Since Legendre polynomials give an orthogonal base of $L^2(-1,1)$ with respect to the usual inner product, we have:
$$ c_{n,k}^+ = \frac{2k+1}{2}\int_{-1}^{1} P_n(x+1)P_k(x)\,dx, \tag{1} $$ so by using Rodrigues' formula and repeated integration by parts we have that the computation of $c_{n,k}^+$ boils down to the computation of: $$c_{n,k}^+ = \frac{2k+1}{2^{n+k+1}n!k!}\int_{-1}^{1}(1-x^2)^k \cdot \frac{d^{n+k}}{dx^{n+k}}\left(x^n(x+2)^n\right)\,dx \tag{2} $$ that is straightforward to carry on through the binomial theorem and the Euler beta function.
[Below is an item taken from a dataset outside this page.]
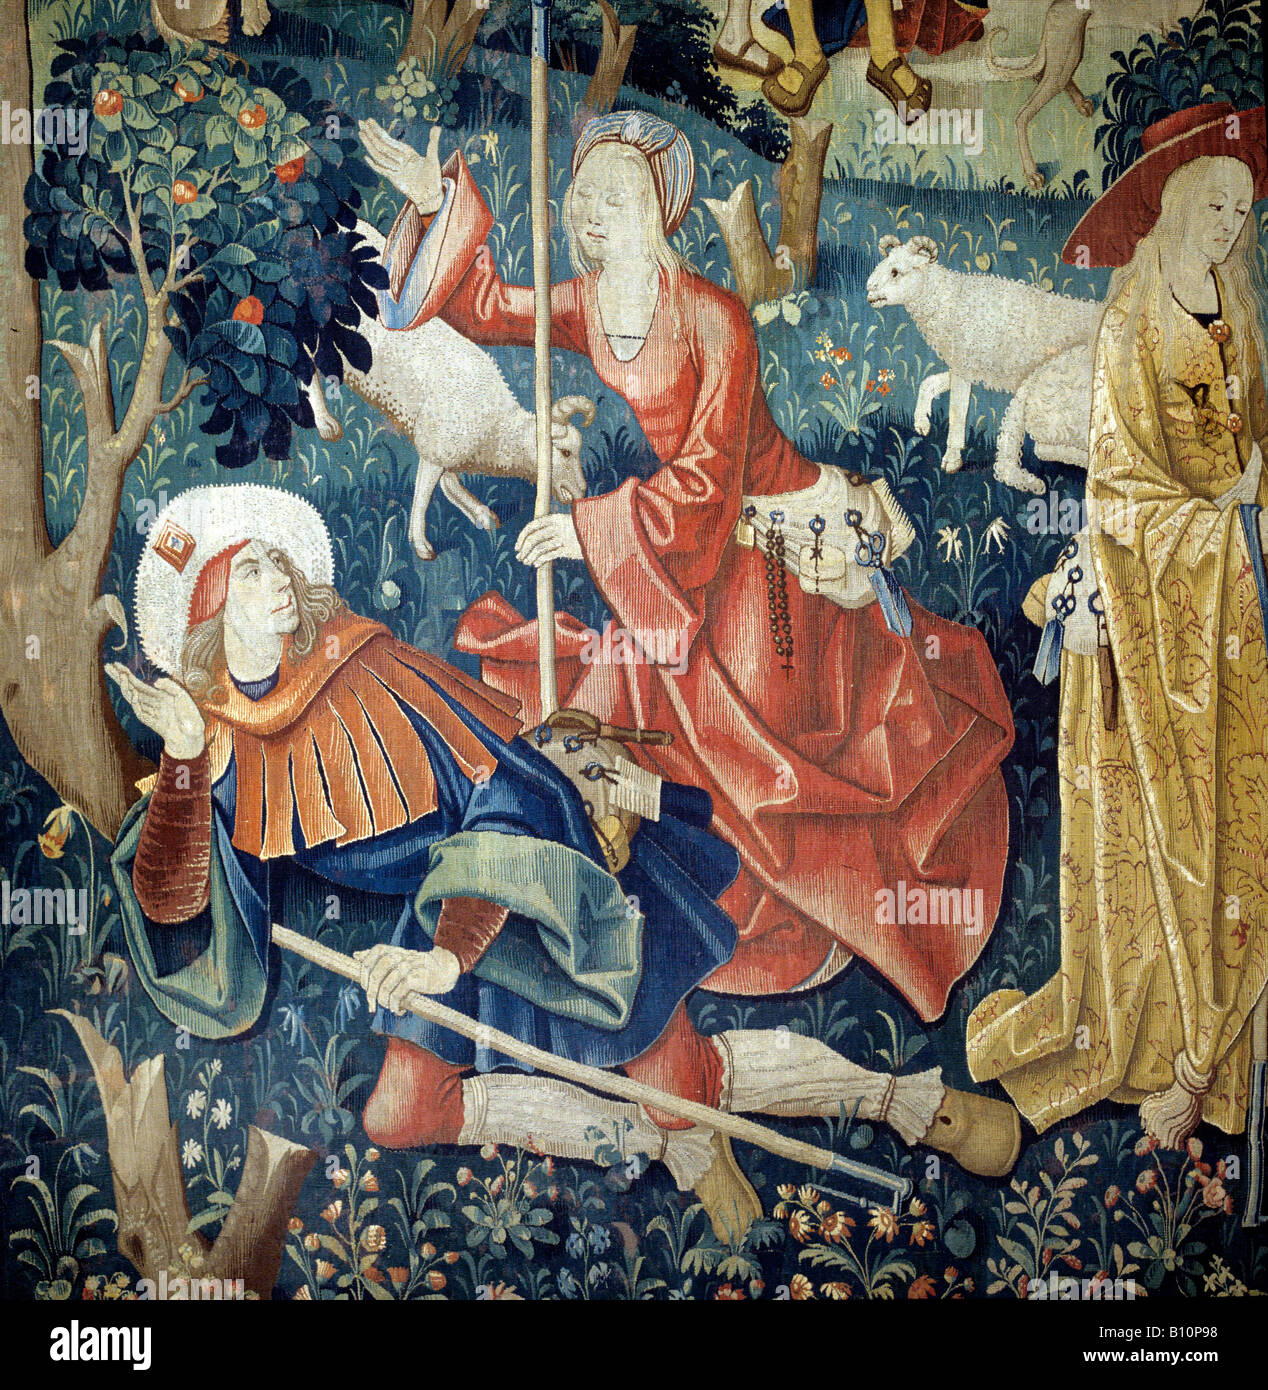 Tapisserie flamande. Shepherd et la femme au début du 16e siècle. Belgique Banque D'Images

By $(2)$ it is not difficult to estimate the magnitude of such coefficients. However, they do not seem to have a compact/nice closed form. They also have quite large prime factors even for small values of $k,n$.